→ **What you have to do**
Any images in the material are to be dropped while every line is retyped exactly.

→ **Stored data**
+===+
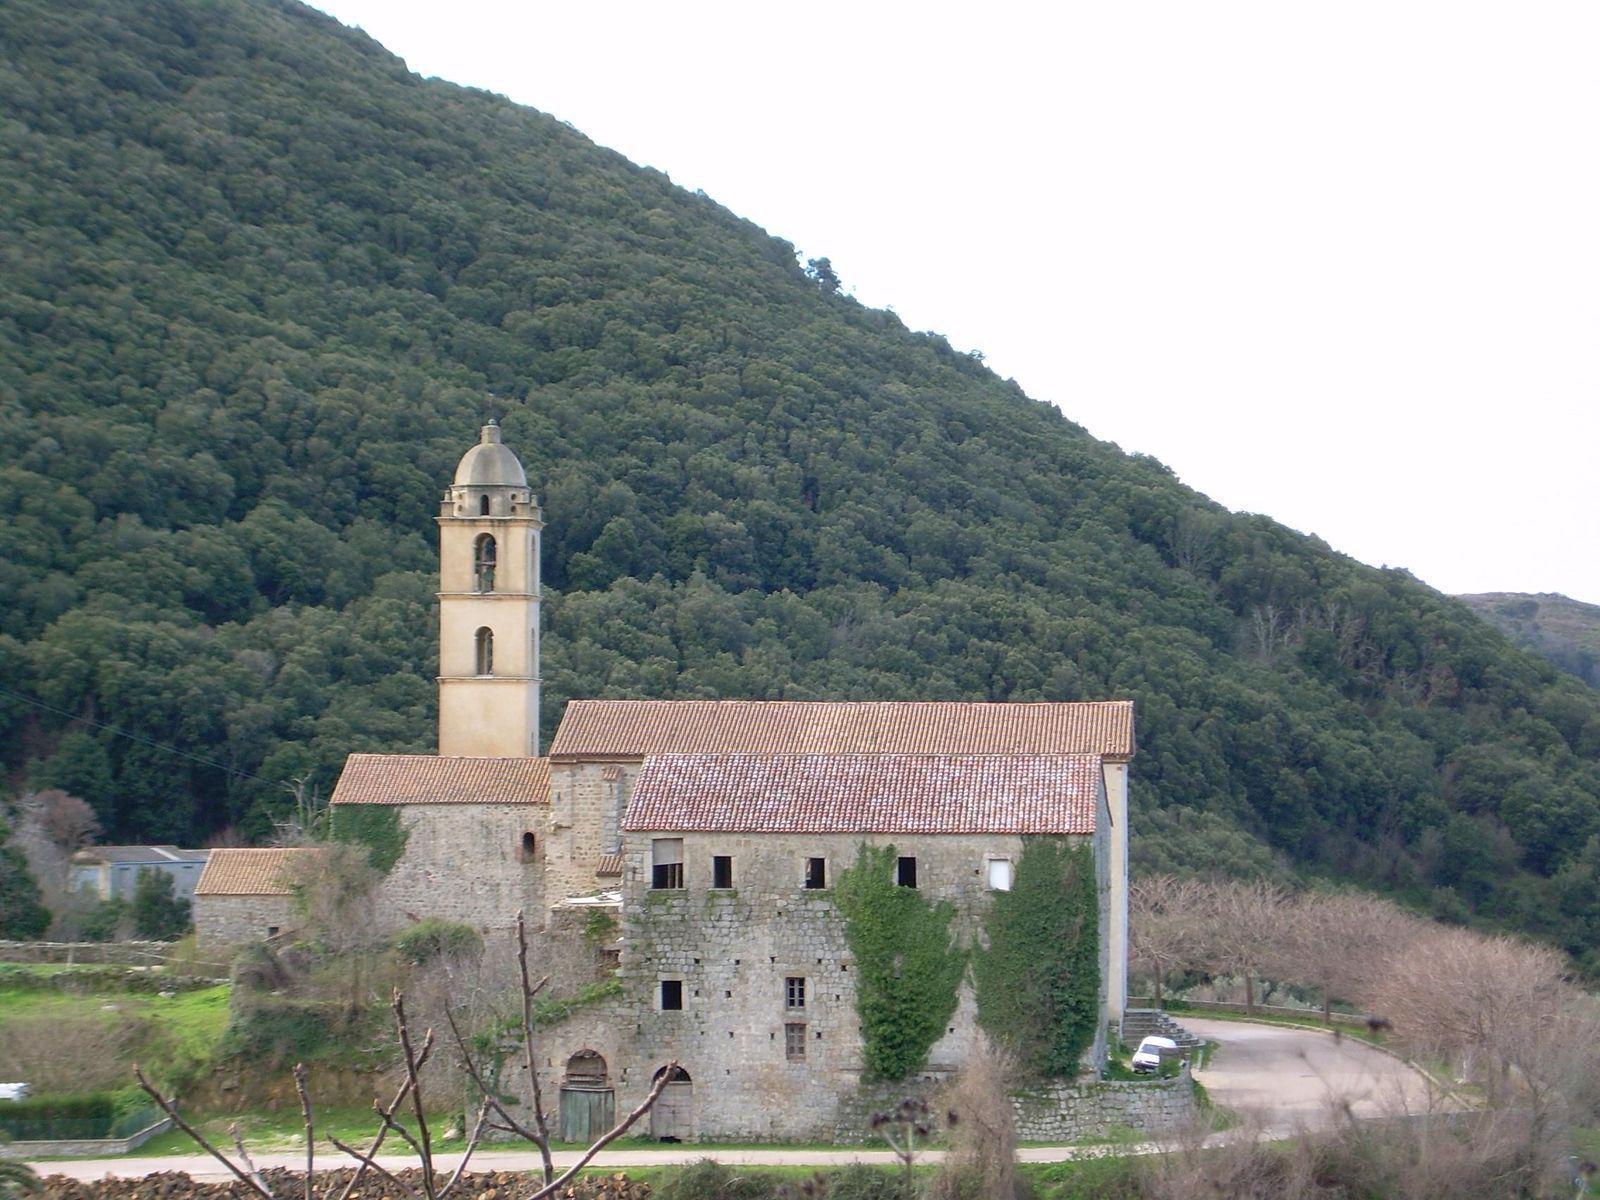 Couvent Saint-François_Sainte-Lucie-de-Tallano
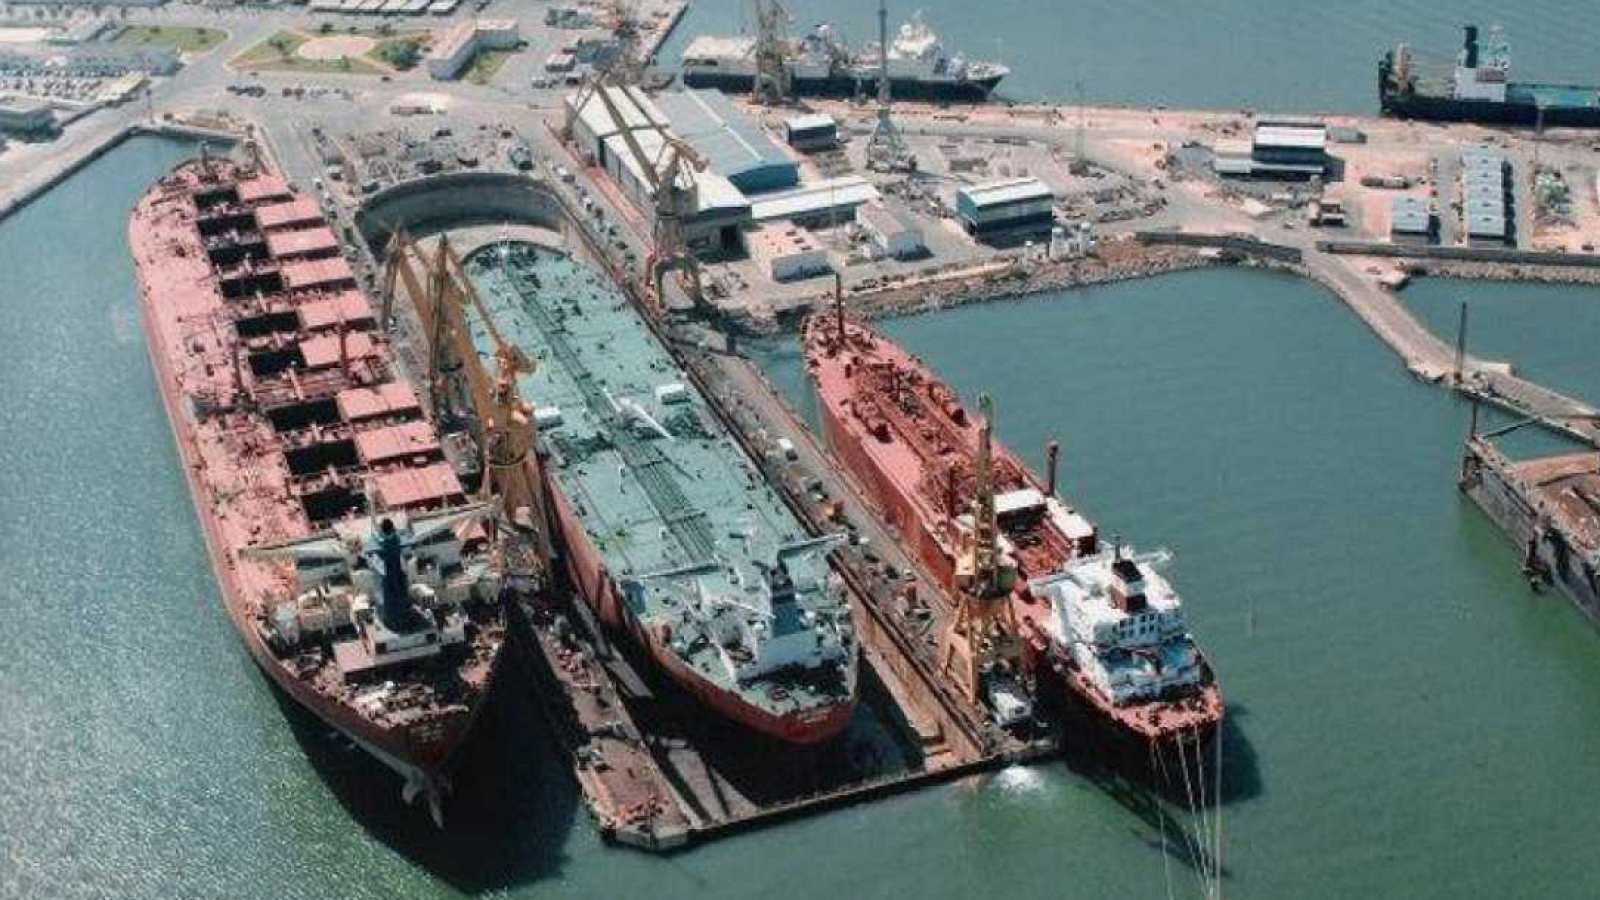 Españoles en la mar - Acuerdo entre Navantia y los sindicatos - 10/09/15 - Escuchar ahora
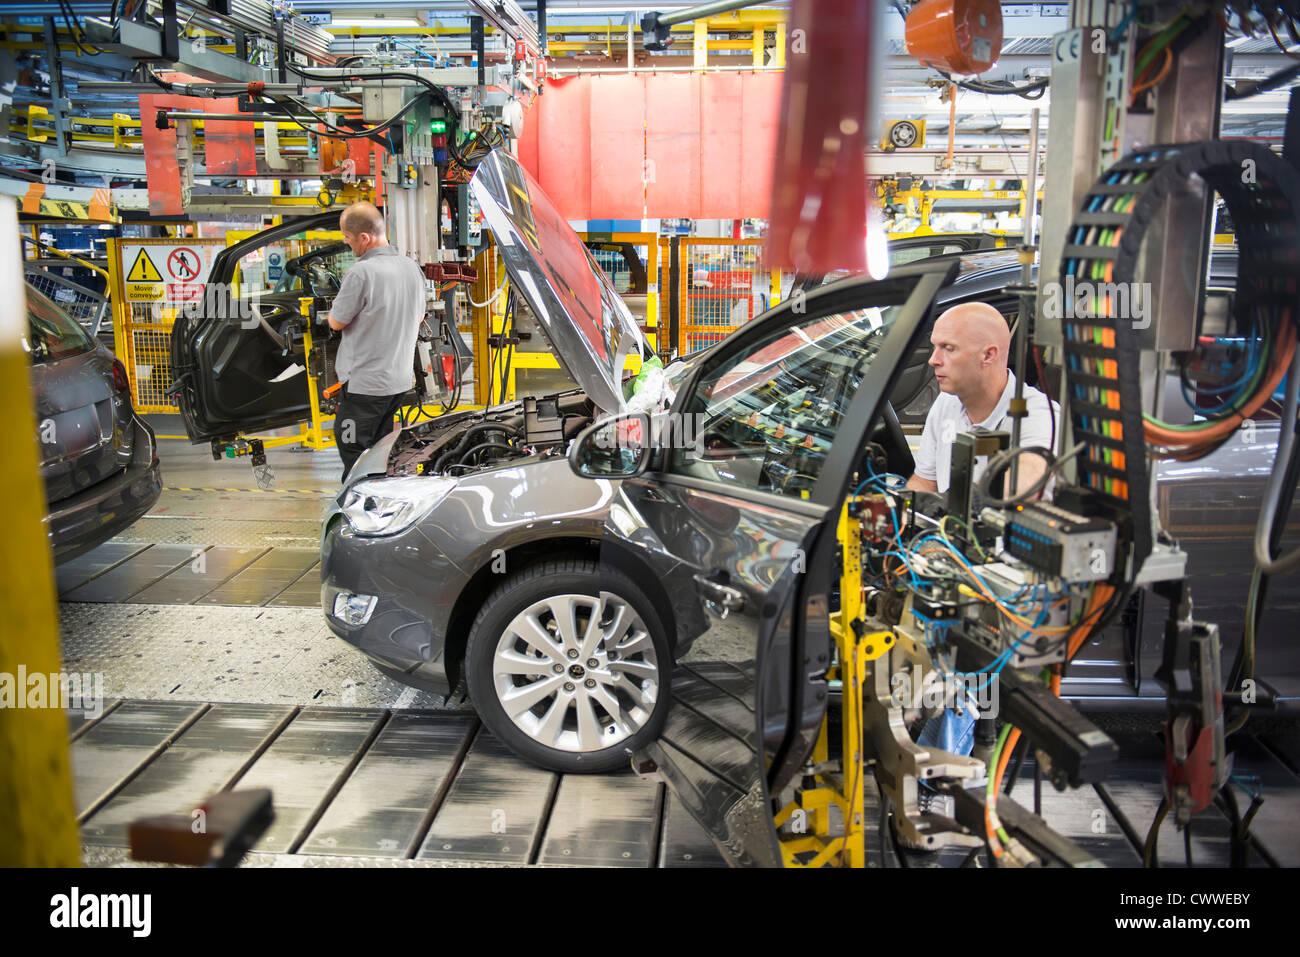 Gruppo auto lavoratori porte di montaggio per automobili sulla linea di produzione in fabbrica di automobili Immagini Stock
+===+
→ **Solution to the exercise**
 Couvent Saint-François_Sainte-Lucie-de-Tallano
 Españoles en la mar - Acuerdo entre Navantia y los sindicatos - 10/09/15 - Escuchar ahora
 Gruppo auto lavoratori porte di montaggio per automobili sulla linea di produzione in fabbrica di automobili Immagini Stock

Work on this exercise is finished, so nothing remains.